If I use autoscaling with maxNumWorkers <= # number of queues everything works
well. For example if I have 4 queues and run in dataflow; the Dataflow process
starts with 1 worker with 4 Readers each consuming from a queue. As CPU usage
and backlog grow, Dataflow spawns more workers and moves the Readers to the new
workers. As CPU usage and backlog shrinks, the Readers are moved back to the
original worker and unused workers are deleted. This is exactly what I was hoping
for.
Problems happen if I set maxNumWorkers greater then number of queues. As
scaleup goes past the number of queues, not only are Readers moved, but for
some reason new Readers are created. This should not be too bad, new Readers
would just not receive messages as the original Reader is holding exclusive
access to ensure in-order delivery. The real problem is that the original
Readers are holding the queue and their advance() method is not being called.

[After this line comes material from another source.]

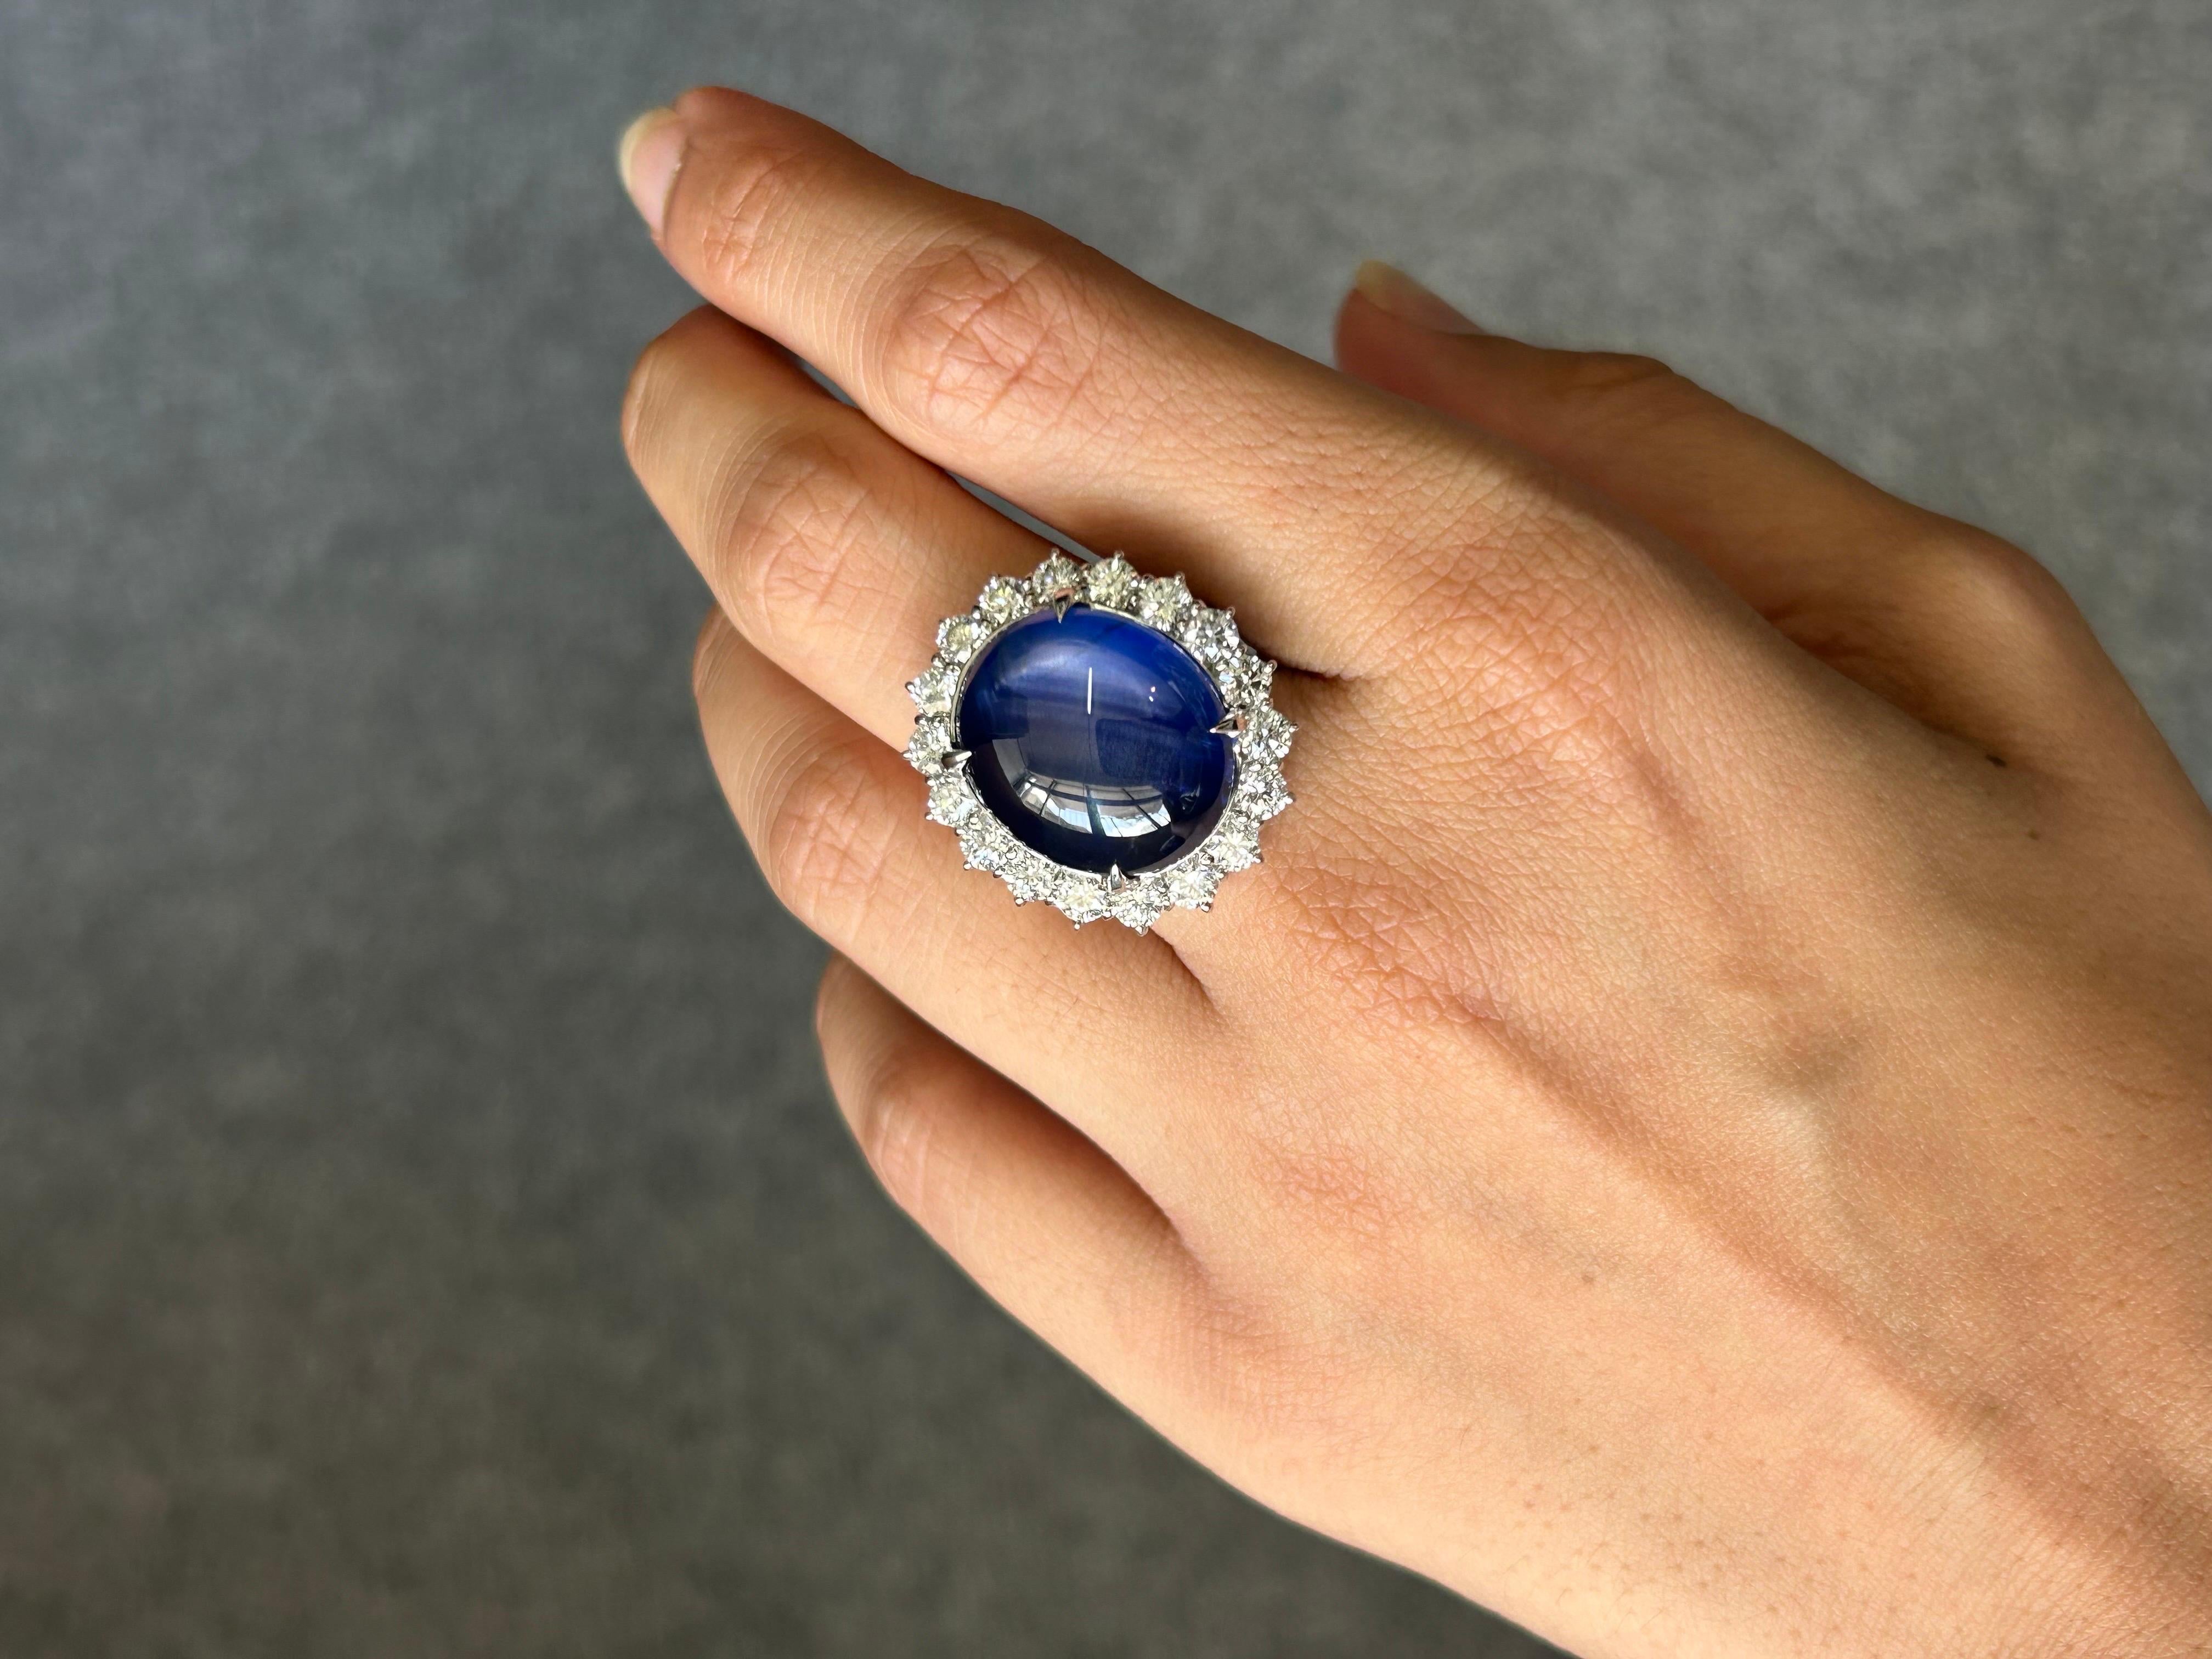 A stunning, one of a kind Burmese no heat Star Sapphire ring, weighing 31.36 carats adorned with 2.3 carats of White Diamonds. The center stone has a beautiful blue color, with a star reflecting off it when under direct light. Currently sized at

The new Readers advance() method is being called, but they are not active on
the queue, hence the system is now deadlocked.
Questions are:
Why are new Readers being spawned if maxNumWorkers exceeds original number of
Readers? Is there a way of preventing this as I would like to maintain
in-order delivery?
Why is the original Readers advance() method no longer being called? This is
causing a deadlock.